The friends reached out to Rickman. Sure enough, there
was an attorney named Rickman, but he did not know and was not representing the
G’s. He had no idea about the made-up e-mail address or merchant bank or legal documents
or other hot air.
Anderson was convicted to 25 years in prison.
Good.
The G’s tried to salvage some tax relief out of this.
For example, in 2017 they had withdrawn almost $1.2 million from their
retirement accounts, paying about $410 grand in tax.
Idea: let’s file an amended return and get that $410
grand back.
Next: we need a tax Code-related reason. How about
this: we send Anderson a 1099 for $1.1 million, saying that the monies were sent
to her for expenses supposedly belonging to a prior business.
I get it. Try to show a business hook. There is a
gigantic problem as the business had been closed, but you have to swing
the bat you are given.
The IRS of course bounced the amended return.
Off to Court they went.
You might be asking: why didn’t the G’s just say what
really happened – that they were robbed?
Because the TCJA had done away with the personal theft
deduction. Unless it was presidentially-declared, I suppose.
So, the G’s were left bobbing in the water with much weaker
and ultimately non-persuasive arguments to power their amended return and its
refund claim.
Even the judge was aghast:
Plaintiffs were
the undisputed victims of a complicated theft spanning around two years,
resulting in the loss of nearly $2 million dollars. The thief — Mrs. Gomas’s
own daughter and Mr. Gomas’s stepdaughter — was rightly convicted and is
serving a lengthy prison sentence. The fact that these elderly Plaintiffs are
now required to pay tax on monies that were stolen from them seems unjust.
Here is Court shade at the IRS:
In view of the
egregious and undisputed facts presented here, it is unfortunate that the IRS
is unwilling — or believes it lacks the authority — to exercise its discretion
and excuse payment of taxes on the stolen funds.
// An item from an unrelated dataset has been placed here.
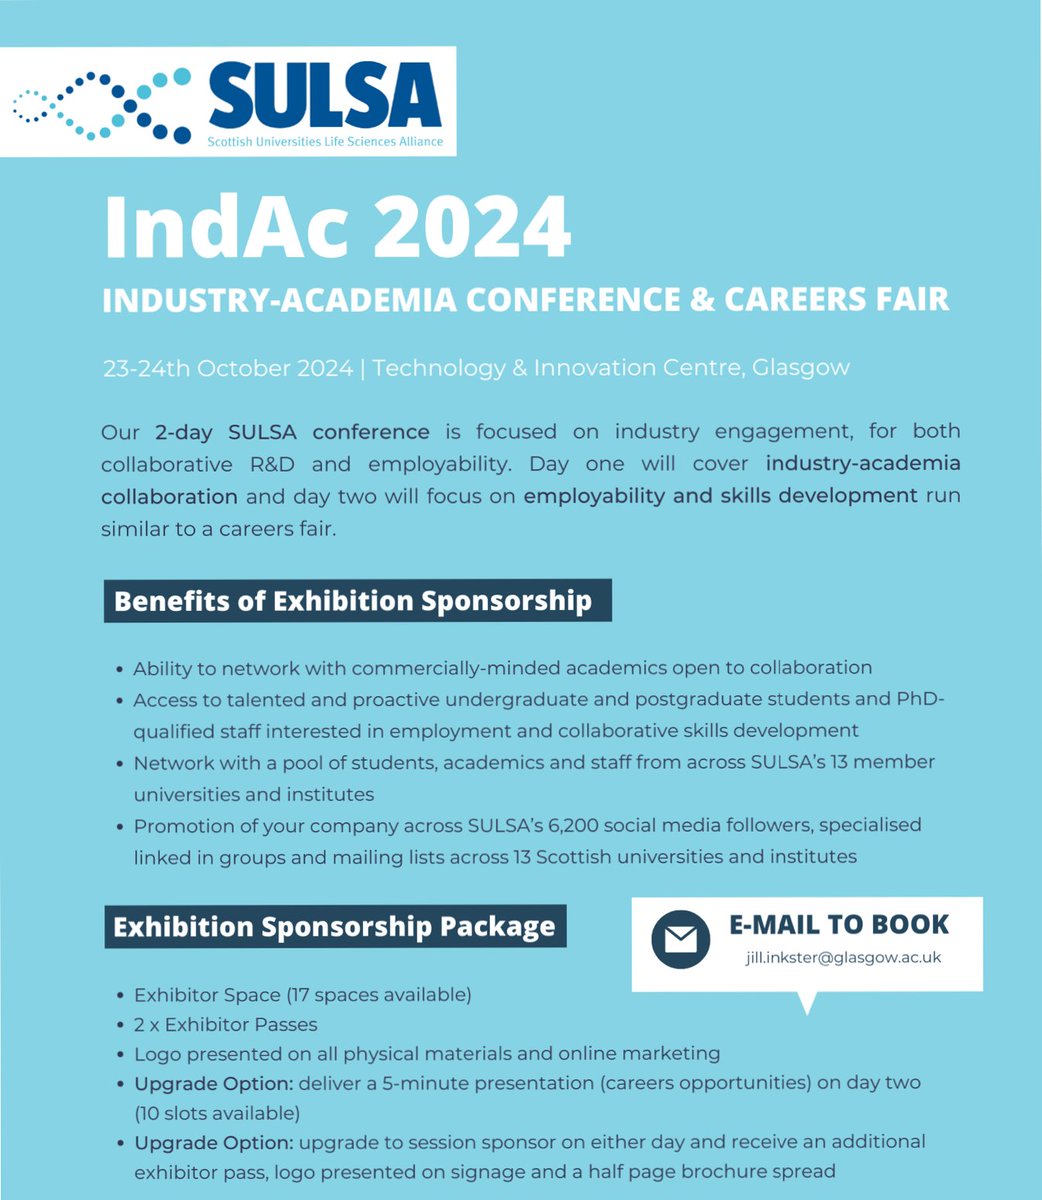 IndAc24 - EXHIBITOR REGISTRATION NOW OPEN 🥳We're excited to be back for IndAc24 after a successful IndAc23 which welcomed over 230 attendees over two days. Fancy securing an exhibitors spots for your organisation? E-mail jill.inkster@glasgow.ac.uk ASAP as spaces are limited! ☺️
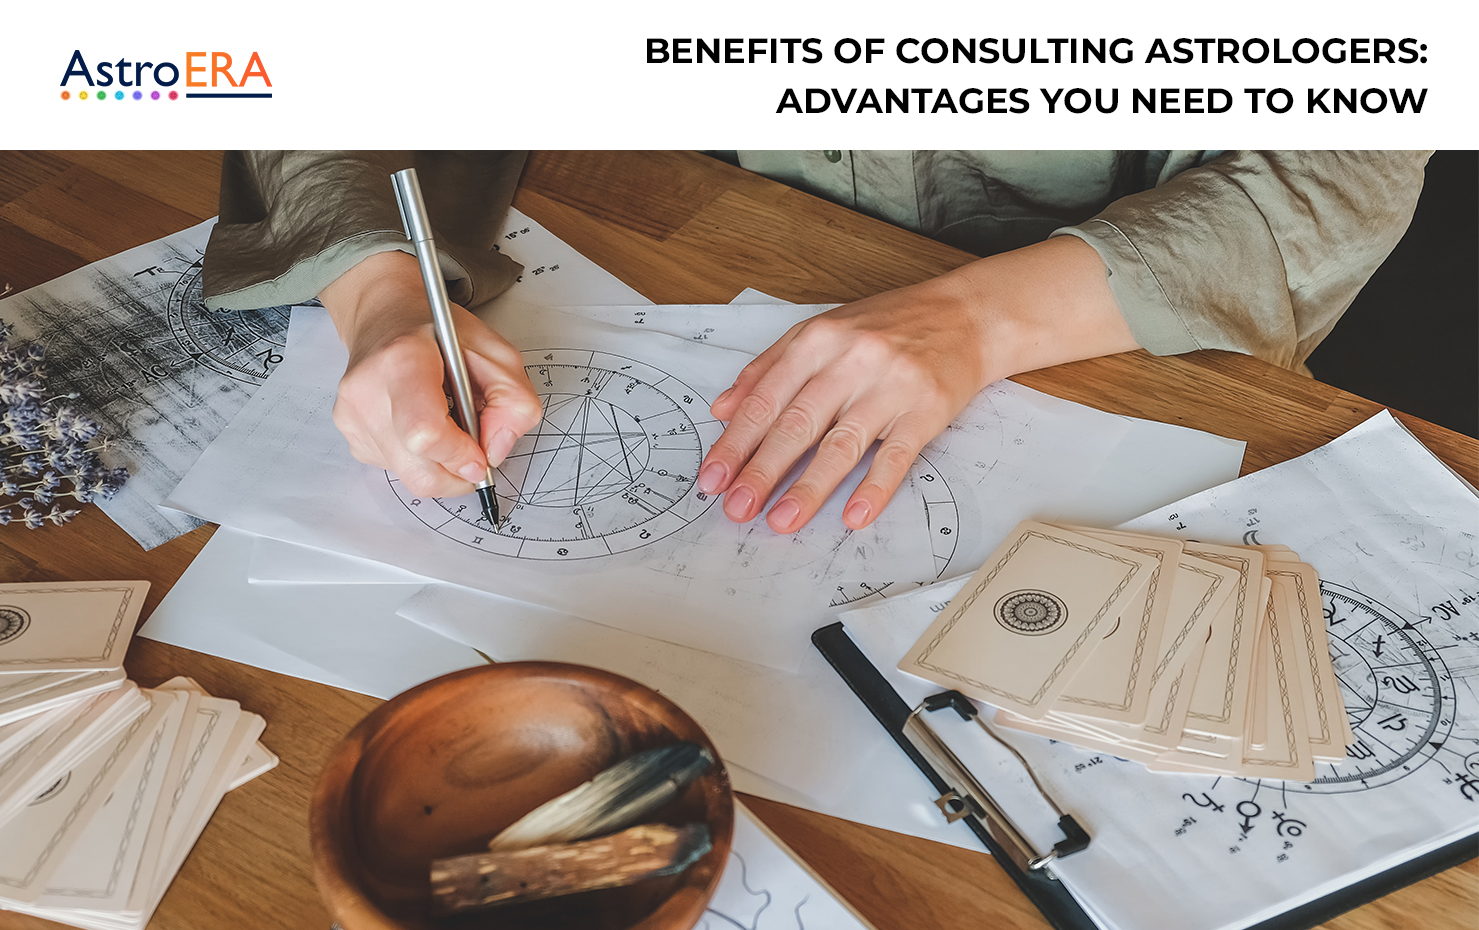 Benefits of Consulting Astrologers: Advantages You Need to Know

There is even some shade for Congress:
It is highly
unlikely that Congress, when it eliminated the theft loss deduction beginning
in 2018, envisioned injustices like the case before this Court. Be that as it
may, the law is clear here and it favors the IRS. Seeking to avoid an unjust
outcome, Plaintiffs have attempted to recharacterize the facts from what they
really are — a theft loss — to something else. Established law does not support
this effort. The Court is bound to follow the law, even where, as here, the
outcome seems unjust.
To be fair, Congress changed the law. The change was
unfair to the G’s, but the Court could not substitute penumbral law over actual
law.
The G’s were hosed.
Seriously, Congress should have left theft losses alone. The reason is the same as for employee mileage. The Code as revised for TCJA would make most of the provision superfluous, but at least the provision would exist for the most extreme or egregious situations.
COMMENT: I for one am hopeful that the IRS and G's will resolve this matter administratively. This is not a complementary tale for the IRS, and – frankly – they have other potentially disastrous issues at the moment. It is not too late, for example, for the IRS and G’s to work out an offer in compromise, a partial pay or a do-not-collect status. This would allow the IRS to resolve the matter quietly. Truthfully, they should have already done this and avoided the possible shockwaves from this case.
Our case this time was Gomas v United States,
District Court for the Middle District of Florida, Case 8:22-CV-01271.